In the world of AI, we are witnessing an impressive rate of growth that is not entirely unexpected considering that, ever since the invention of the calculator, we have been progressively building more and more intelligent machines. Recent AI advancements may feel sudden, but we have been slowly and painstakingly building up to this point.
Large Language Models (LLMs), of which OpenAI’s ChatGPT may be the most pivotal example, are simply the latest step on AI’s evolutionary journey and have reached the point, similar to when the internet first became accessible to the general public in 1993, where they can transform every aspect of human society, from how we work to how we interact with each other and with machines.
To fully comprehend the implications of LLMs like ChatGPT, it is worth exploring how they work. LLMs use Natural Language Processing (NLP) to provide the human-like responses that they have become so famous for. Essentially, LLMs are trained on an immense pool of text data (e.g. the internet) that they can sift through and analyze using a network of machine learning algorithms that operate and store information like the human brain does. Within this immense framework, the NLP algorithms and models are what allow LLMs to comprehend and use language the way a human would.
There are many other layers and details that are needed to fully understand the inner workings of LLMs like ChatGPT, but the ability to communicate like a human is particularly important when it comes to making the analytical and generative powers of AI accessible to the general public. It is this ability that is a game-changer as it makes it possible for any person and machine to effectively communicate with each other using simple language.
It’s no surprise that generative AI tools built on top of LLMs are currently popping up all over the place. LLMs have made it possible for humans to communicate with machines with the ease in which we communicate with each other, meaning AI now has something that it didn’t have before – accessibility. We can all finally speak the same language.
However, this brings us back to social robotics. Does the improved accessibility of AI and the advancements in LLMs make social robots themselves more accessible to people outside of research and computer science? Could this be the beginning of the widespread adoption of robots in society?
LLMs like ChatGPT do make the Furhat robot a lot more autonomous. Interactions no longer need to be carefully scripted and designed by developers for the robot to have a flowing conversation with someone. With ChatGPT, Bard, or any other AI chatbot, the Furhat robot can be placed anywhere and is ready to have a very human conversation about anything with anyone. Even those with zero programming experience can have a functional social robot that can have conversations with people. This is a game-changer in that it makes social robots a lot more attractive to a much broader group of people, and it is this expanded usability that has the potential to accelerate the widespread adoption of robots in society.

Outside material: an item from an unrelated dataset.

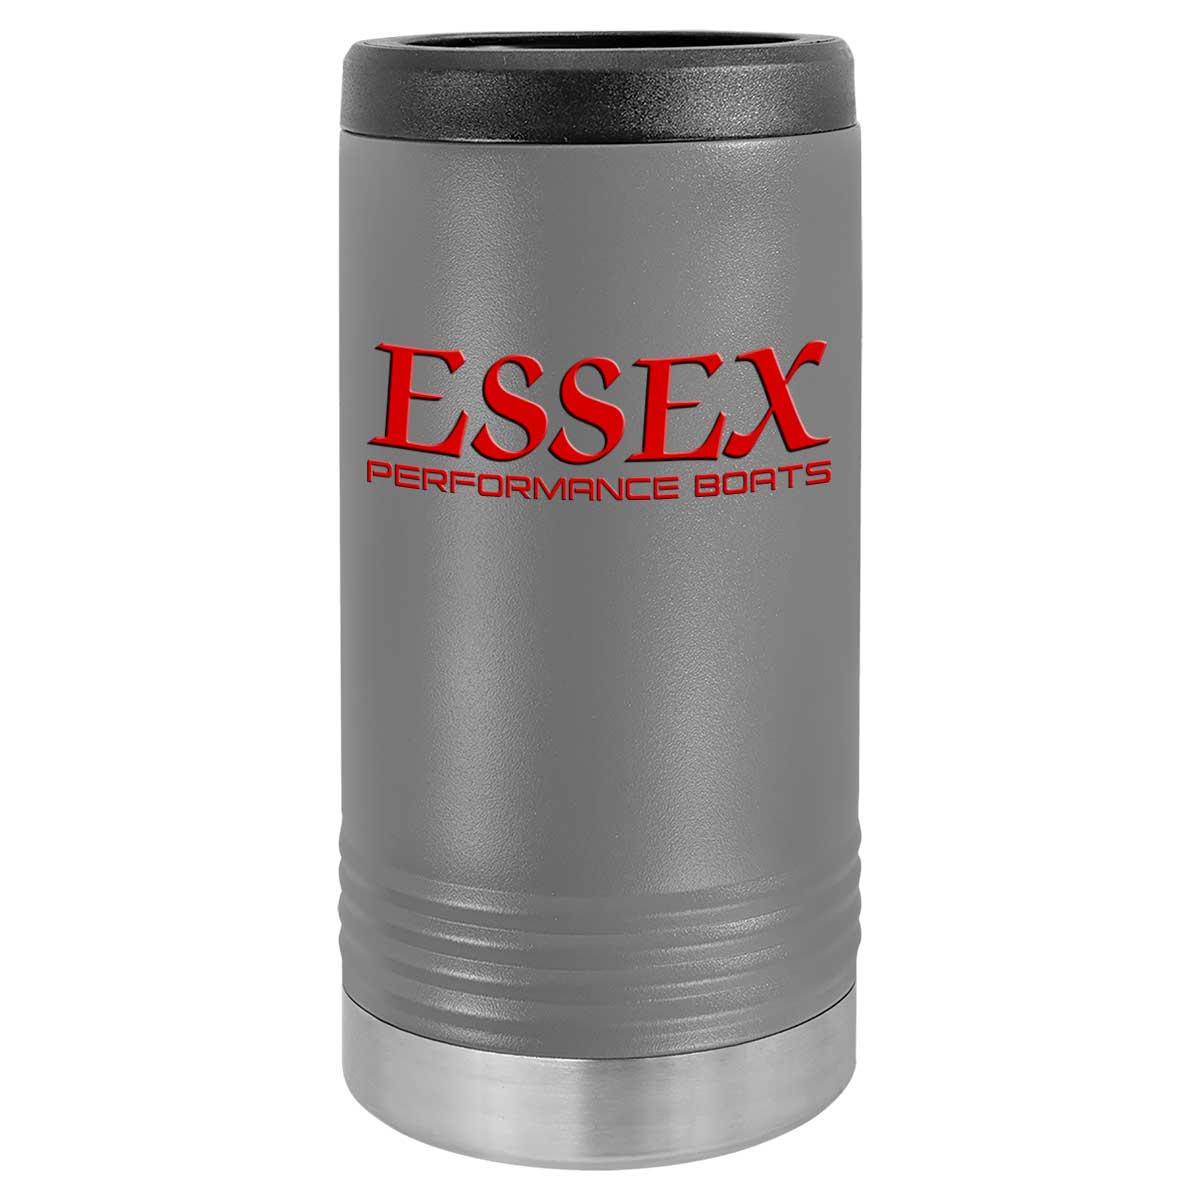 Essex Performance Boats - SLIM Vacuum Insulated Beverage Holder

However, it’s important to remember that a robot is very different from a chatbot or a virtual avatar. As an embodied agent, a robot, especially a social robot, needs to be able to do and understand a lot more than what AI chatbots are currently capable of.
Aside from being able to generate answers to any question or prompt, a social robot needs to be able to perform gestures and understand the gestures of others. It needs to be able to express emotion and it also has to sound human, not just its voice, but also in how it speaks – where it injects silences or utterances like aha, hmmm, interesting, when it nods, how it looks at you while you speak, how much it blinks, etc. All these behaviors, known as backchanneling, are extremely important for an interaction with a social robot to feel natural and engaging.

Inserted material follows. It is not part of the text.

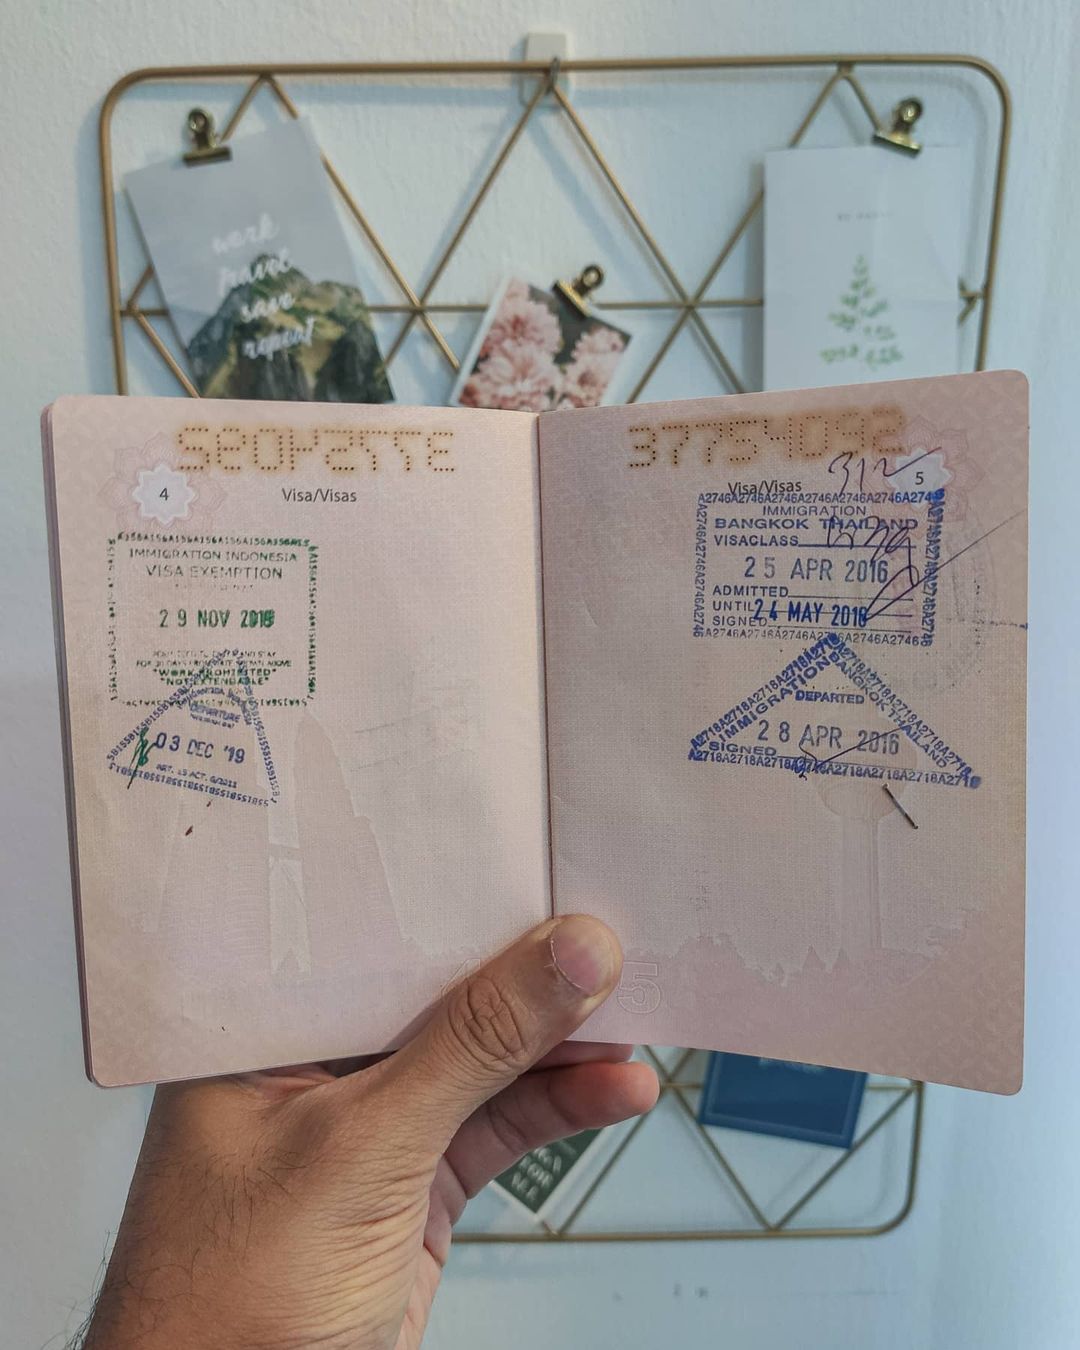 Inside the Malaysia's passport
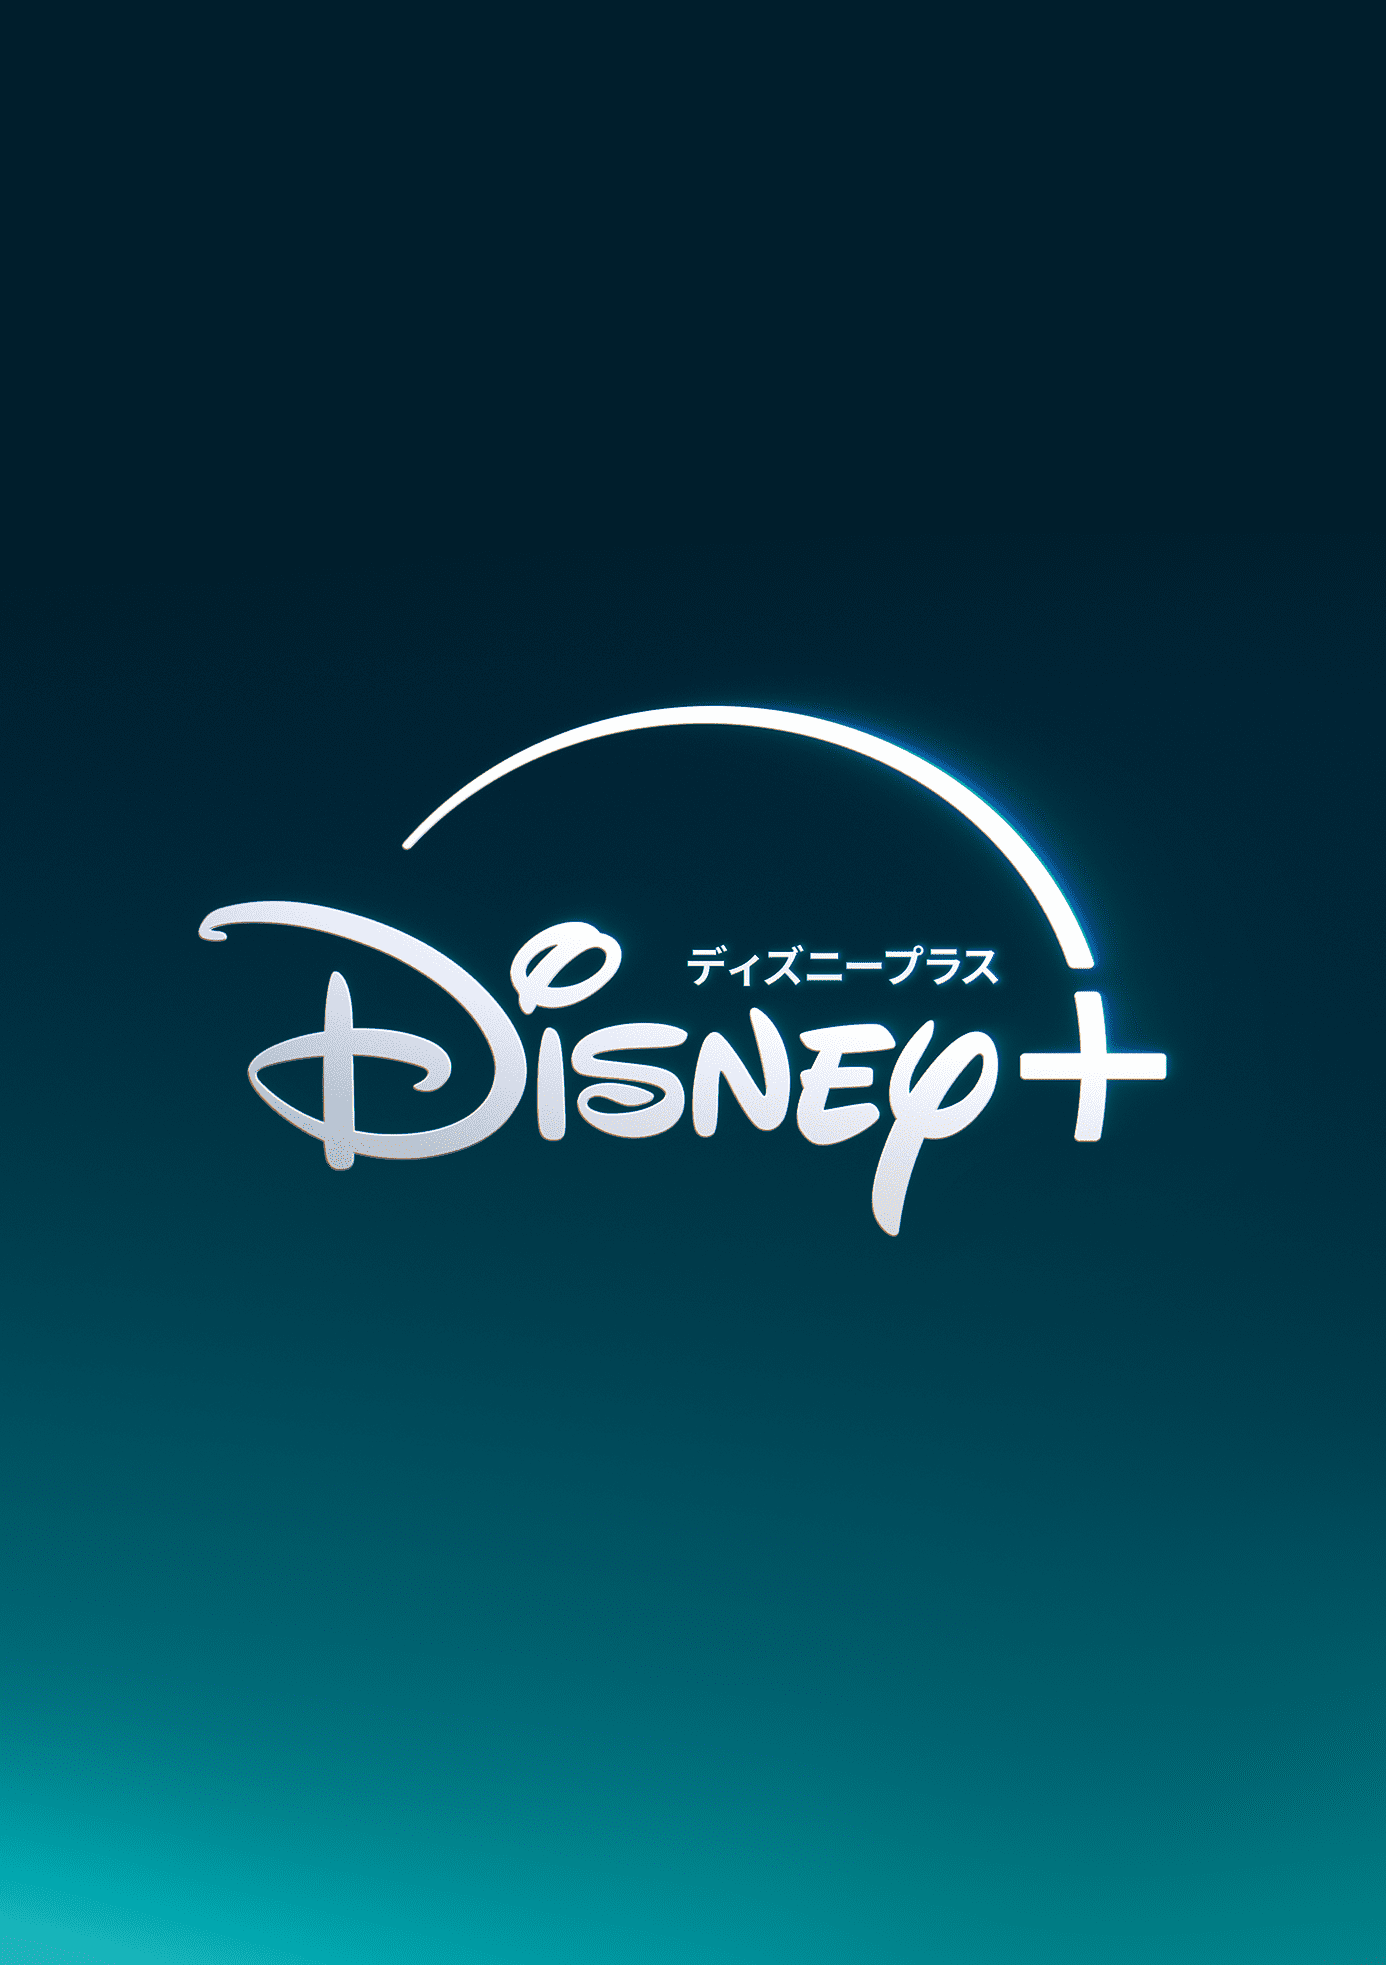 Disney+dアカウント以外<月間プラン>” border=”0″></a>
</center>



<script async=

It doesn’t matter how good the response generated by a chatbot is if a robot is looking at the ground, blinking uncontrollably or nodding non-stop while delivering it. When it comes to social robots, integrating them with AI chatbots does give them a lot more conversational autonomy, but it has to be combined with very good backchanneling in order to feel human. Until we can train LLMs on data from spoken interactions so backchanneling behaviors can be automatically generated, LLMs will be limited in what they can do for social robotics interactions.
Limitations aside, the current versions of AI chatbots do make robot skill development faster and more efficient than it has ever been. There remains a lot to be done, but there is no doubt that it is a very exciting time to be a social robotics company like ourselves. We are entering a time in which many of the AI companies that are currently popping up all over the place will be looking for new ways through which AI can interact with people and the world. Robots are the obvious choice, as they can give AI the more embodied and direct experience with the world that it needs to reach new levels of intelligence and understanding.
The Furhat robot now has the potential to become the human face of AI that can take LLMs and NLP to a whole new level that includes an understanding of body language, facial expressions and social intricacies. Being able to give AI such a multi-dimensional experience is an amazing prospect and a goal that we are ready to take on.